Collected data
* * * *

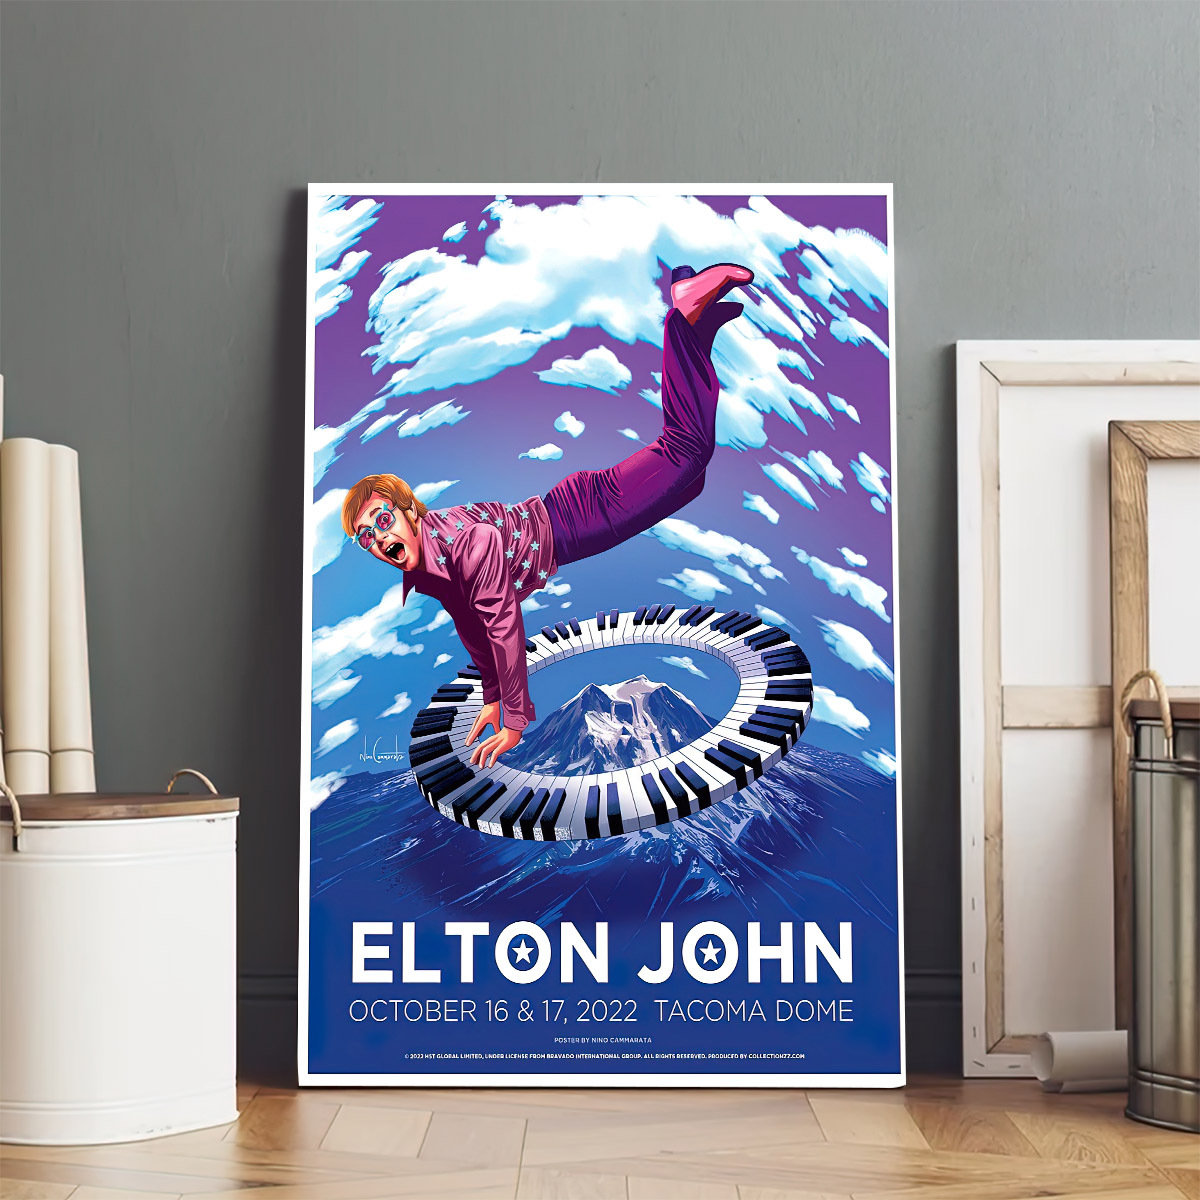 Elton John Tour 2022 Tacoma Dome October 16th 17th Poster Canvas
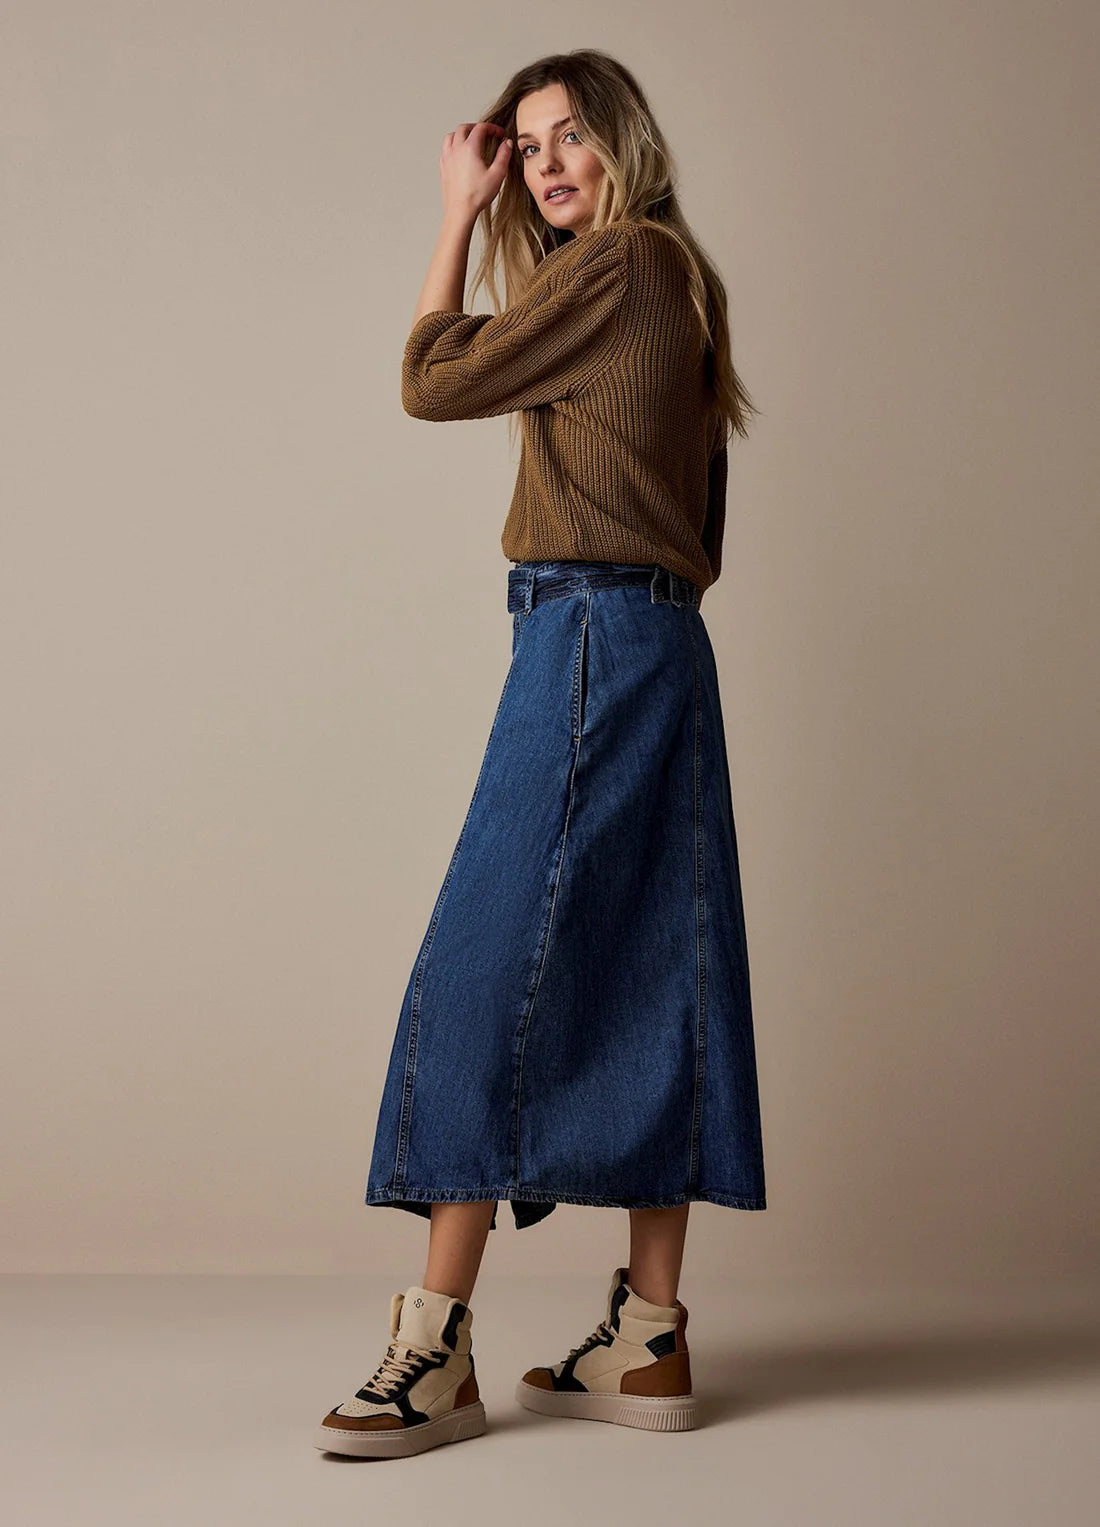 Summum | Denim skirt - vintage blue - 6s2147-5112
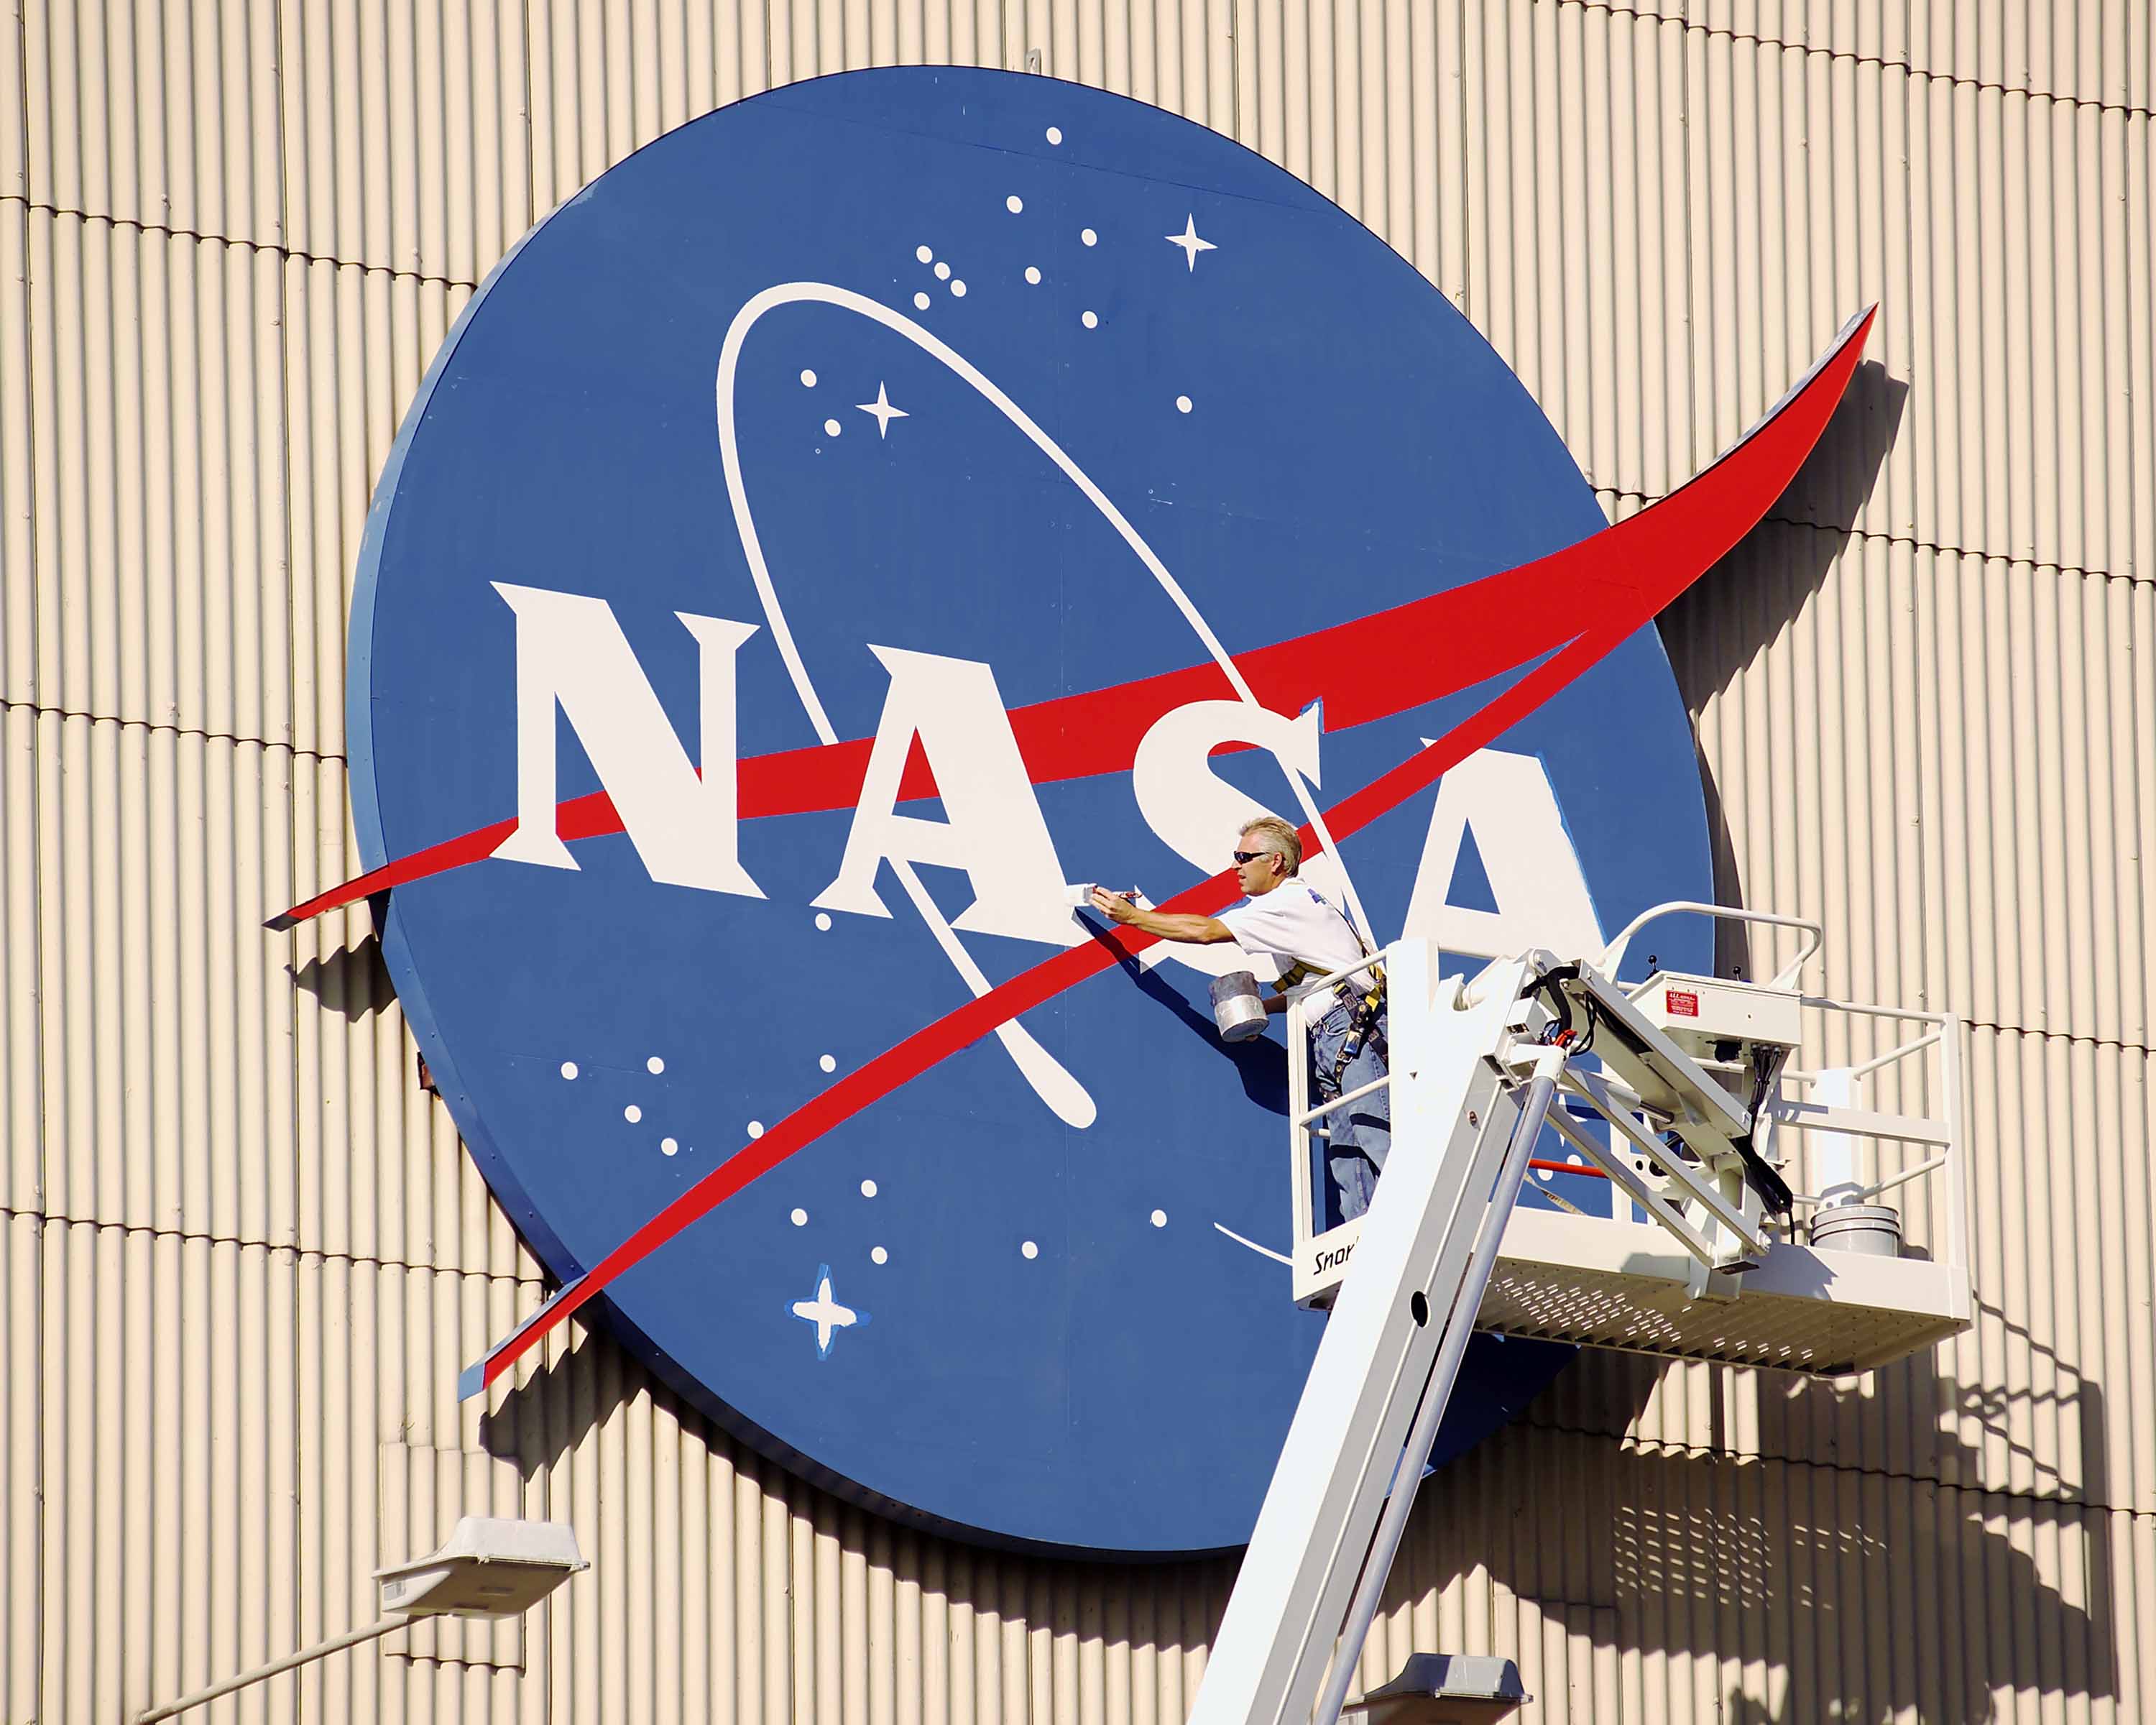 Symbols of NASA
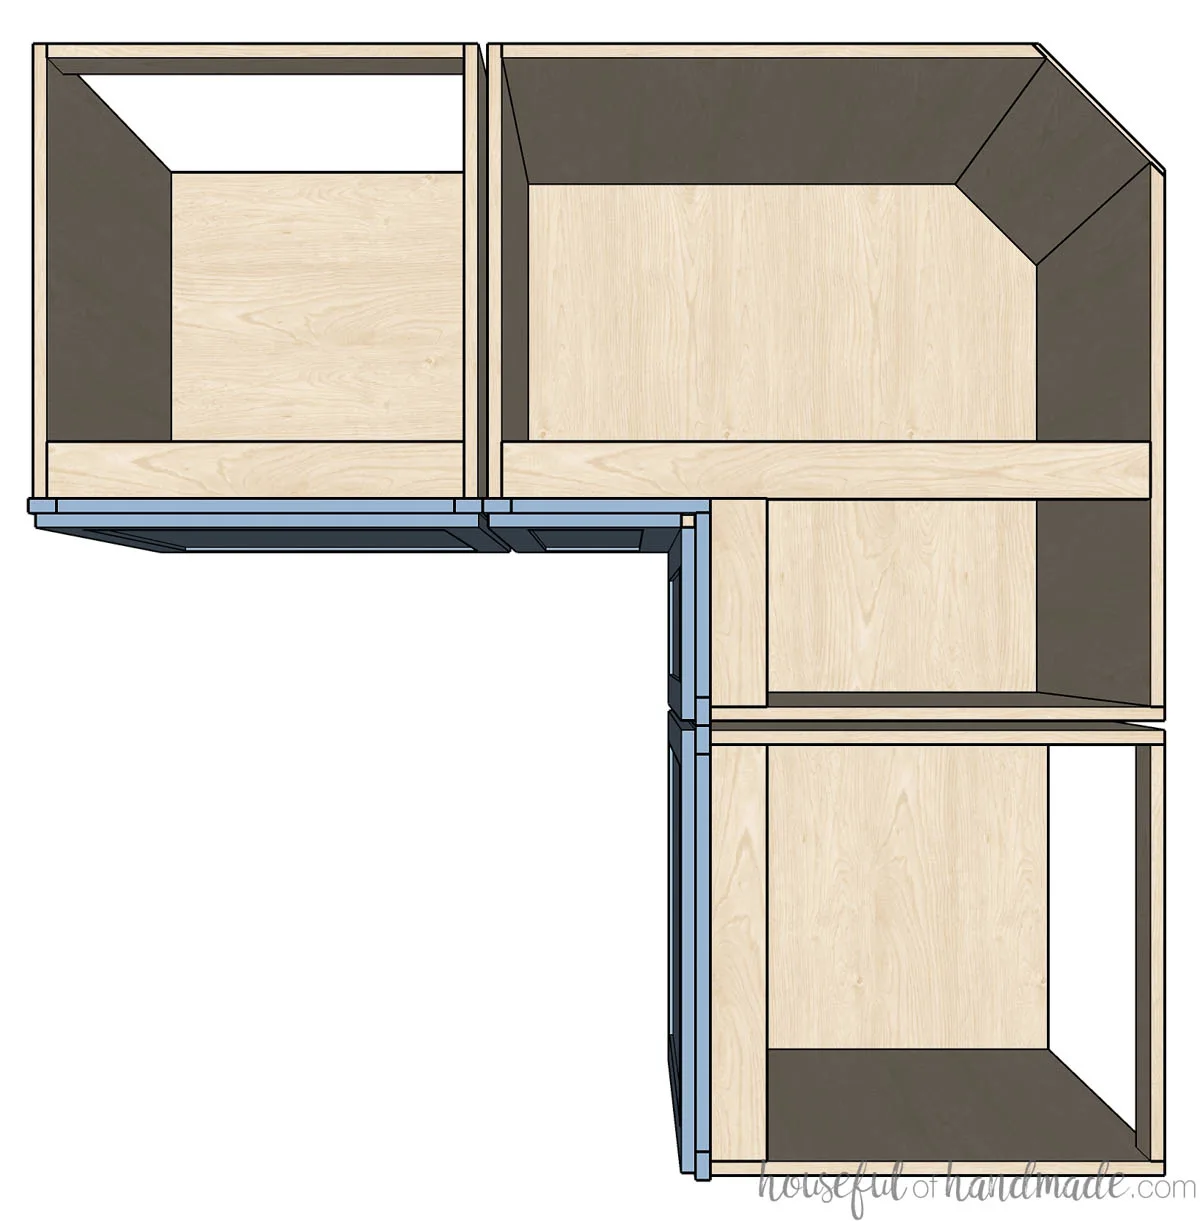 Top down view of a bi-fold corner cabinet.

* * * *

Your goal
Without any pictures, print the whole listing again exactly as it stands.

Your response
 Elton John Tour 2022 Tacoma Dome October 16th 17th Poster Canvas
 Summum | Denim skirt - vintage blue - 6s2147-5112
 Symbols of NASA
 Top down view of a bi-fold corner cabinet.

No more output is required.